Michael Meyer: Please explain the guidelines your team has developed for water reuse.

Gyan Chhipi-Shrestha: Globally, no standard water quality guidelines exist for reclaimed water use. Indeed, the development of a practical guideline is complex.

Despite the Canadian federal government’s long-term goal to develop guidelines for many water reuse applications, guidelines have only been prescribed for reclaimed water use in toilet and urinal flushing in Canada. At the provincial level, British Columbia has promulgated guidelines for wide applications of reclaimed water, but only at broad class levels. Our team has investigated and then proposed suggested guideline values for microbial quality of reclaimed water in various non-potable urban reuses. The guidelines are based on probable risk. The non-potable water uses considered are lawn irrigation, public park irrigation, golf course irrigation, agricultural irrigation, vehicle washing, laundry machines, firefighting and non-potable urban uses.

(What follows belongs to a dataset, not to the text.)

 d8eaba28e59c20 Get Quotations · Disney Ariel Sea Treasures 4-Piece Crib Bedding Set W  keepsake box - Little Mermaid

The health risk was estimated by using quantitative microbial risk assessment technique, a common method. The proposed guidelines values are based on the indicator organism E. coli.

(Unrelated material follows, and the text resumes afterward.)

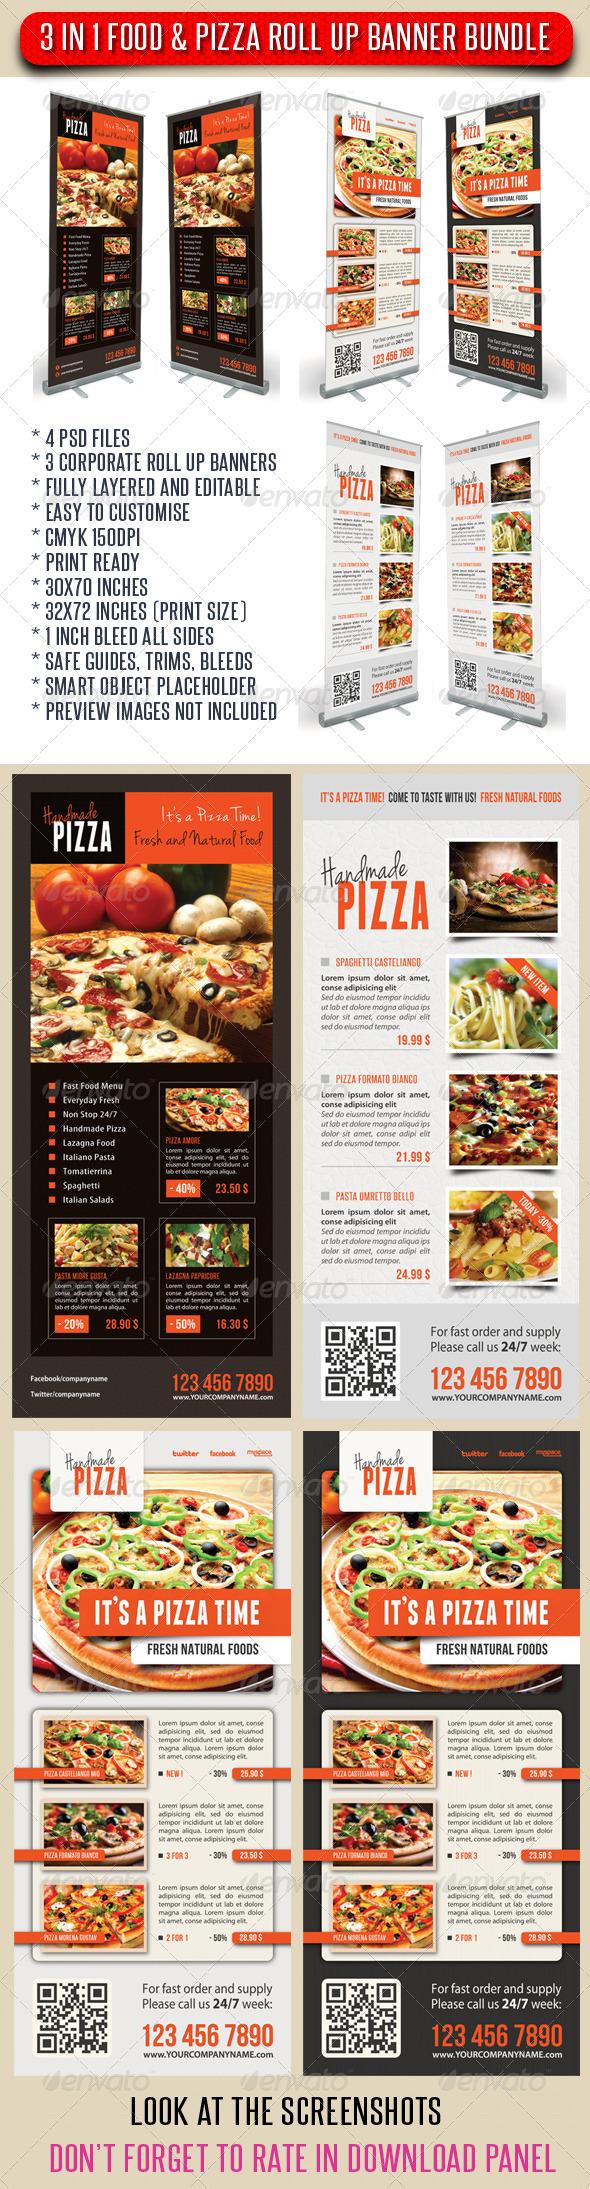 3 in 1 Food And Pizza Menu Banner Bundle 03

The guideline values were successfully applied to three wastewater treatment effluents in the Okanagan Valley in British Columbia. The health risks associated with other bacterial pathogens (Campylobacter jejuni and Salmonella spp.), virus (adenovirus, norovirus and rotavirus) and protozoa (Cryptosporidium parvum and Giardia spp.) were also estimated. The estimated risks indicate the effectiveness of the E. coli-based water quality guideline values. The ultimate guideline values are proposed and implemented by regulatory bodies in a country. These proposed guideline values would support the federal government in developing guidelines on reclaimed water quality for urban applications besides toilet and urinal flushing. The Canadian federal government already has implemented the guideline values for toilet and urinal flushing.

Meyer: Why did you use E. coli as an indicator of water quality?

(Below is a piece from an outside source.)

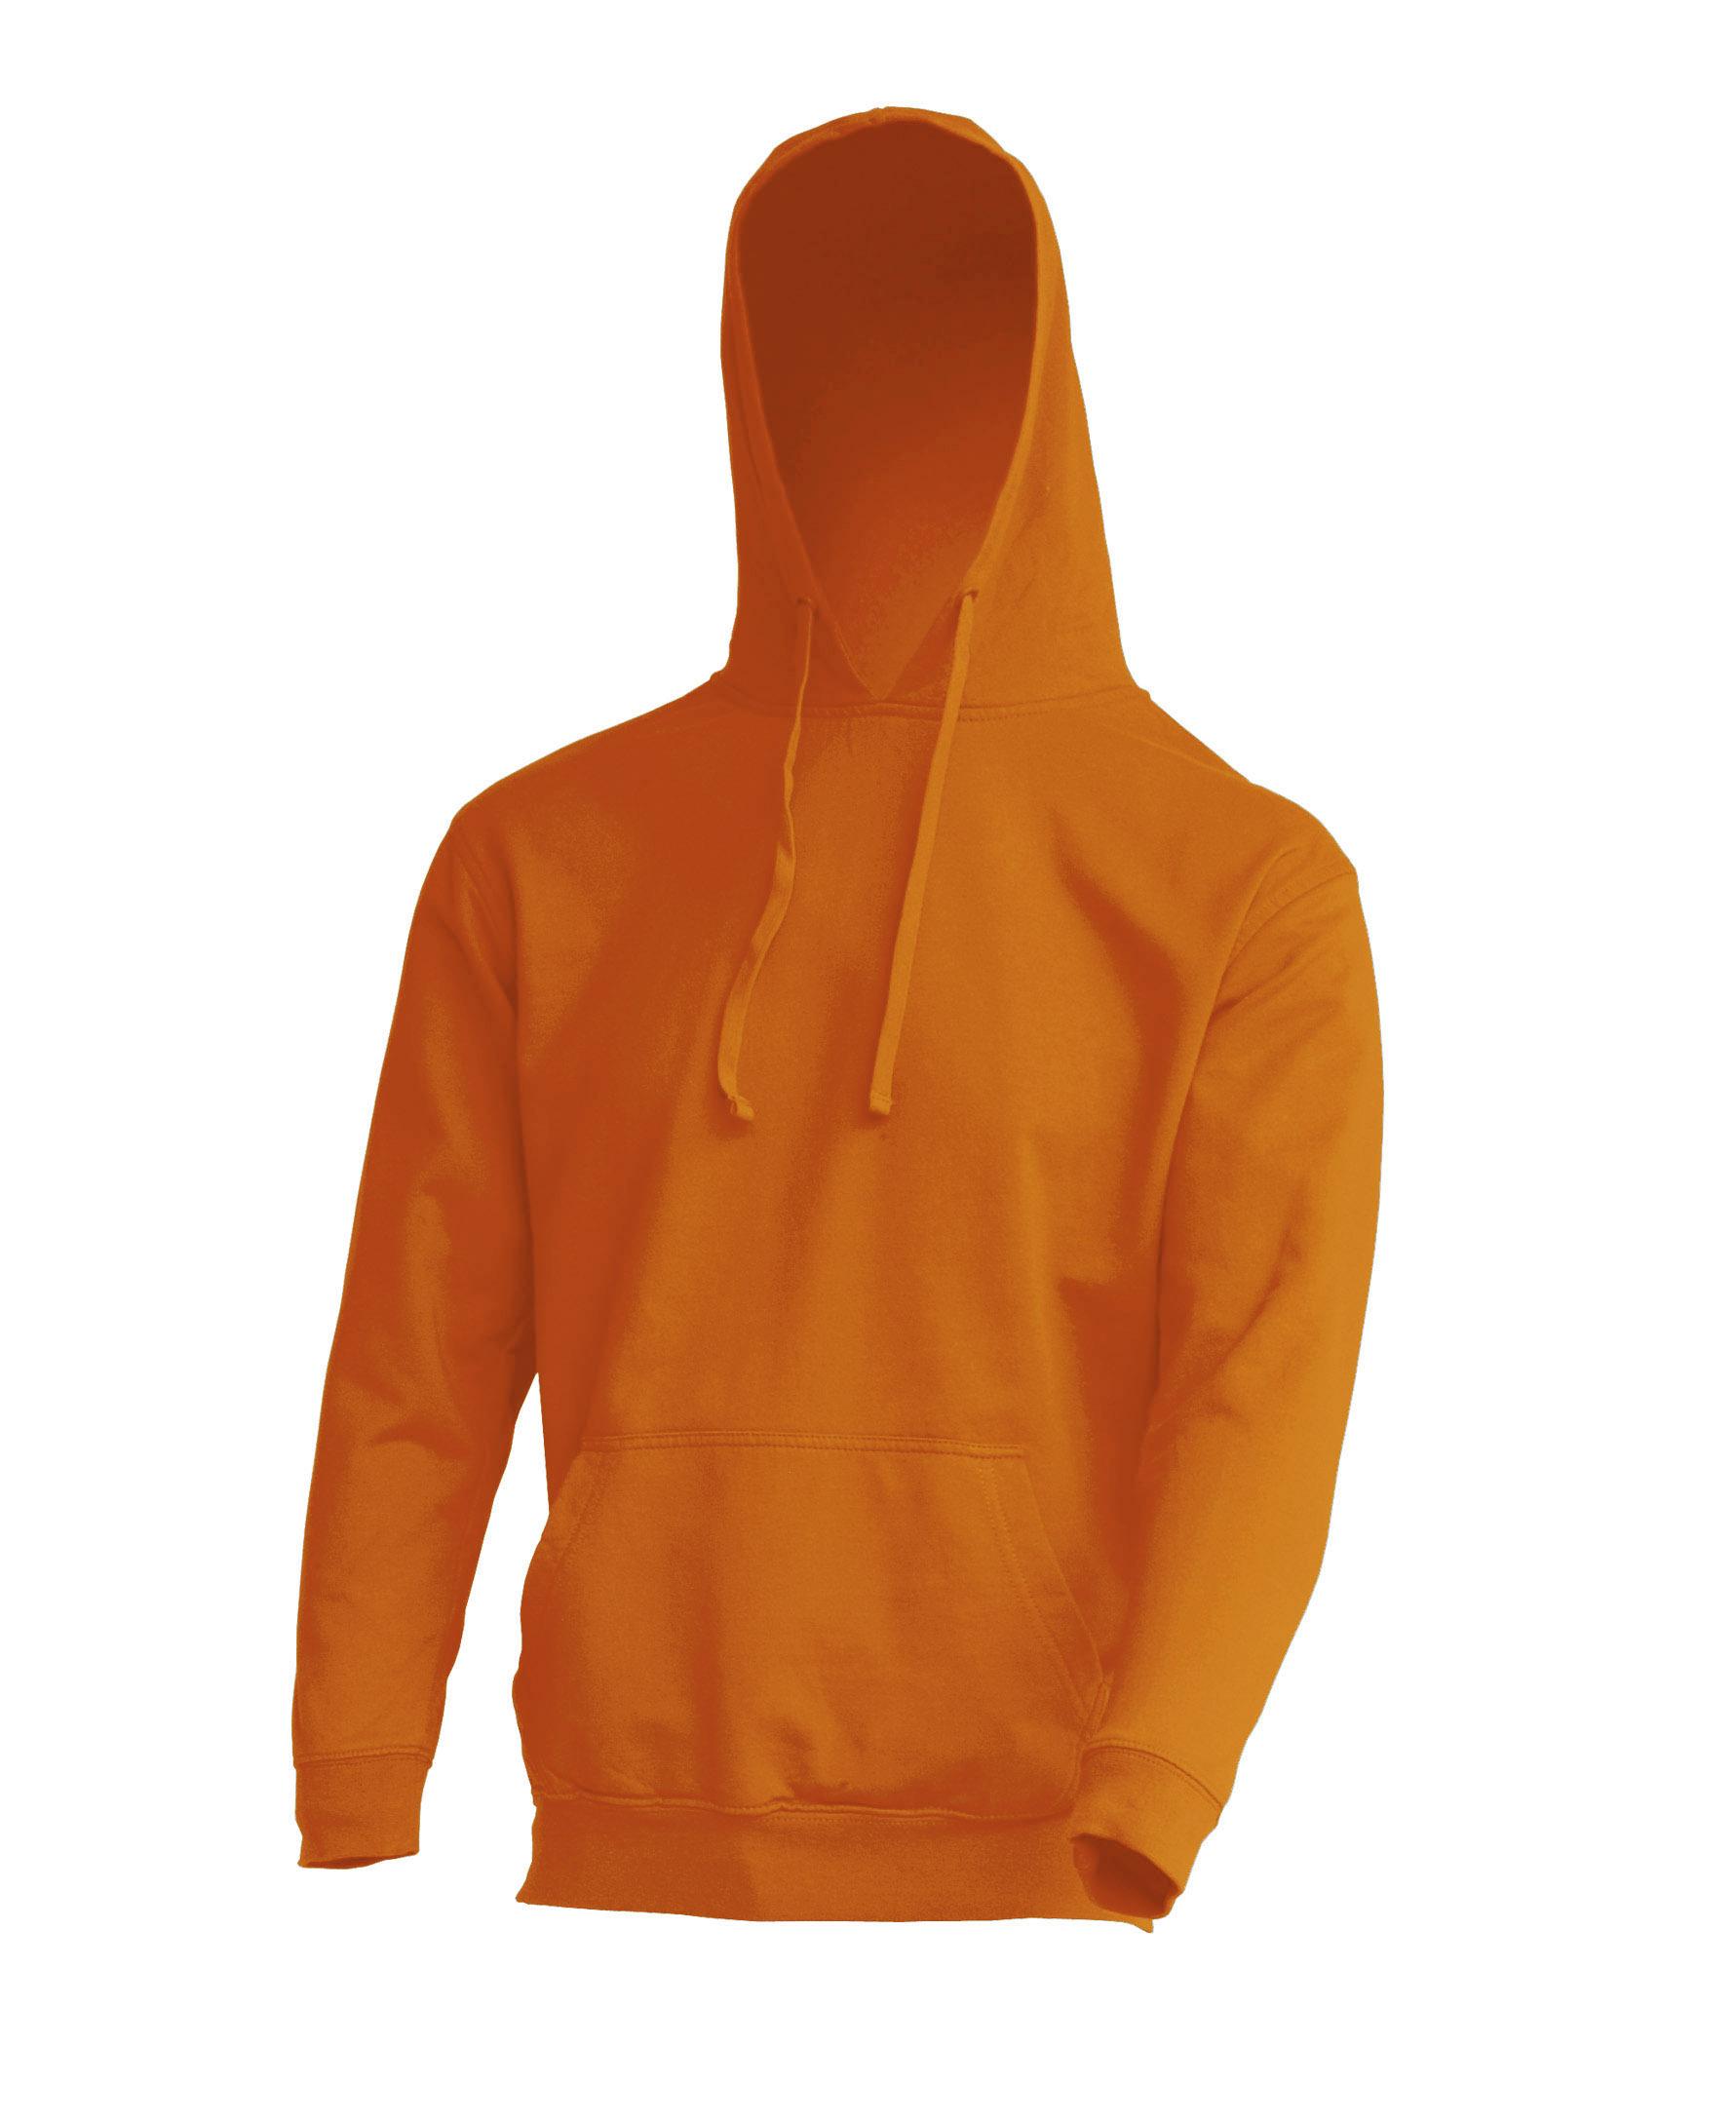 Majica muška KANGAROO narančasta

Chhipi-Shrestha: Among the water microorganisms, E. coli is the best available indicator of water quality because it does not usually multiply in the environment, is easily detectable even in high dilution due to its excretion in feces in large numbers (approximately 1 billion cells per gram), and has a life span on the same order of magnitude as those of other enteric bacterial pathogens, according Health Canda. E. coli has widely been used as water quality indicator.

Meyer: What do you feel can be the impact of more widespread water reuse?

Chhipi-Shrestha: Our research is broadly on improving the sustainability of urban water systems using the water-energy-carbon nexus. Water reuse is an important component for urban water sustainability. Indeed, water reuse is a historic practice; however, water reuse has been increasing in the recent times.

Specifically, the effluent quality standards have progressively been made stringent due to public and environmental health issues. This will demand a higher level of wastewater treatment. This means higher cost, energy use and carbon emissions. Since the wastewater has to be treated to a higher degree, in some cases the quality resembles or is even better than freshwater or drinking water. In this case, with some degree of additional treatment, the treated wastewater can be reused safely. 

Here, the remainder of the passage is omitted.